If a worker who is not represented by a trade union elects to keep their recall rights or fails to decide, the employer needs to send the quantity of the termination pay (and severance pay, if any) to the Director of Employment Standards, who holds the cash in trust.
If a staff member who is represented by a trade union elects to keep their recall rights or fails to make a choice, the company and the trade union should attempt to come to a plan to hold the termination pay (and severance pay, if any) in trust for the staff member. If they can not pertain to a plan, and the trade union encourages the company and the Director of Employment Standards in writing that efforts have failed, the company should send out the termination pay (and severance pay, if any) to the Director of Employment Standards, who holds the cash in trust.

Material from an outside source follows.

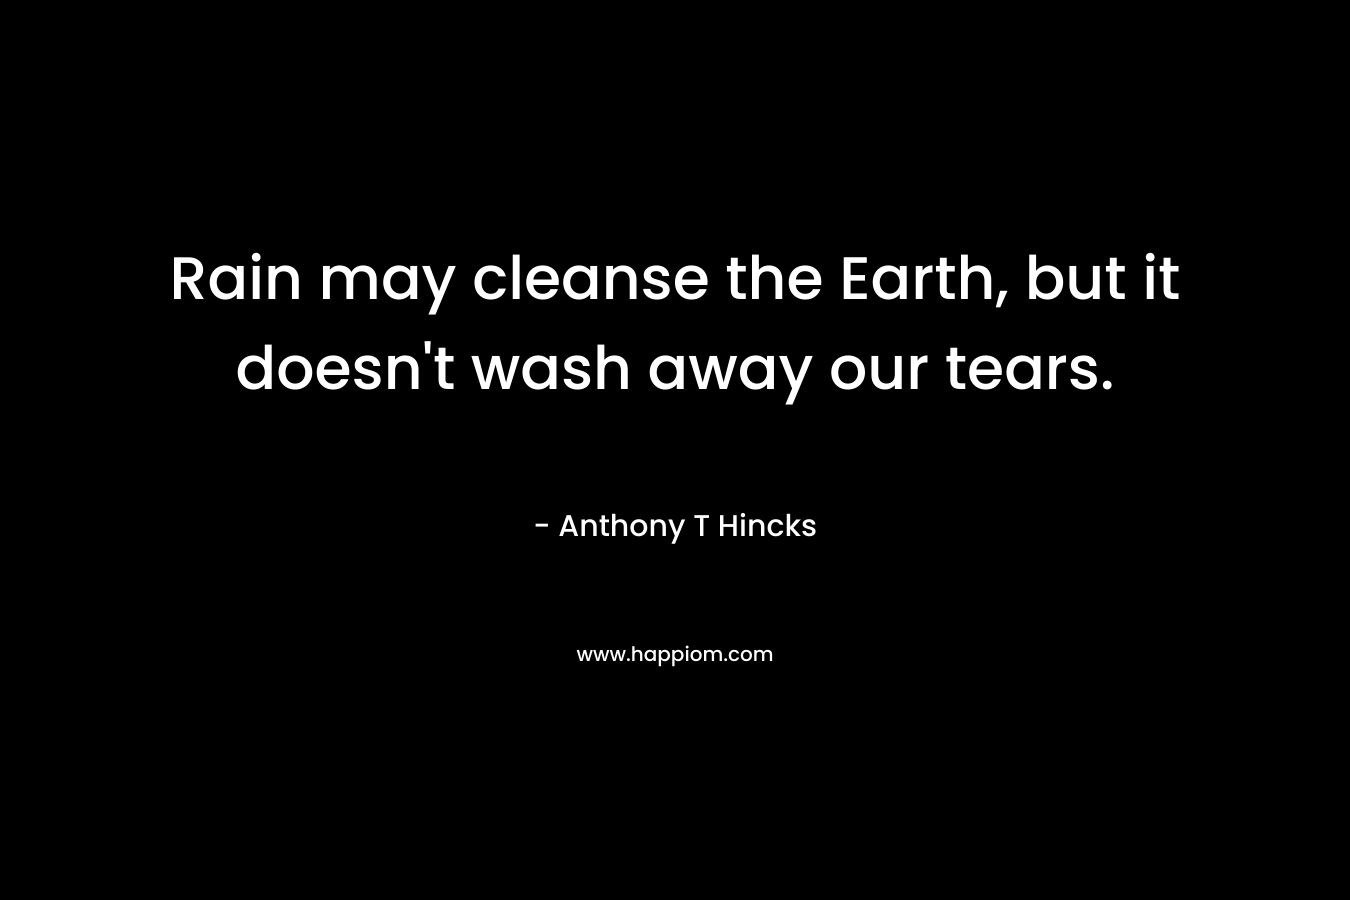 Rain may cleanse the Earth, but it doesn’t wash away our tears. – Anthony T Hincks

If a worker picks to quit their recall rights or if the recall rights end, the money that is held in trust must be sent to the staff member.
If the employee accepts a recall back to work, the money that is held in trust will be returned to the company.
Exemptions to observe of termination or termination pay
A number of these exemptions are complicated. Please get in touch with the Employment Standards Information Centre, 1-800-531-5551, if you need more information. Please also describe the unique guideline tool.
The notification of termination and termination pay requirements of the ESA do not apply to an employee who:
– is guilty of wilful misbehavior, disobedience or wilful neglect of responsibility that is not unimportant and has not been excused by the employer. Note: « wilful » includes when a worker planned the resulting consequence or acted recklessly if they knew or need to have understood the effects their conduct would have. Poor work conduct that is accidental or unintended is typically ruled out wilful;
– was employed for a particular length of time or till the completion of a particular job. However, such a staff member will be entitled to observe of termination or termination pay if:- the work ends before the term ends or the task is finished; or
– the term expires or the job is not completed more than 12 months after the employment began; or
– the employment continues for 3 months or more after the term ends or the job is finished;
See also: Employment Standards Self-Service Tool
Wrongful termination
Rights greater than ESA notification of termination, termination pay, discontinuance wage
The rules under the ESA about termination and severance of employment are minimum requirements. Some employees may have rights under the common law that are higher than the rights to notice of termination (or termination pay) and discontinuance wage under the ESA. A staff member might want to sue their former employer in court for « wrongful dismissal ». Employees need to be aware that they can not take legal action against a company for wrongful dismissal and sue for termination pay or severance pay with the ministry for the same termination or severance of work. An employee must select one or the other. Employees may wish to obtain legal advice worrying their rights.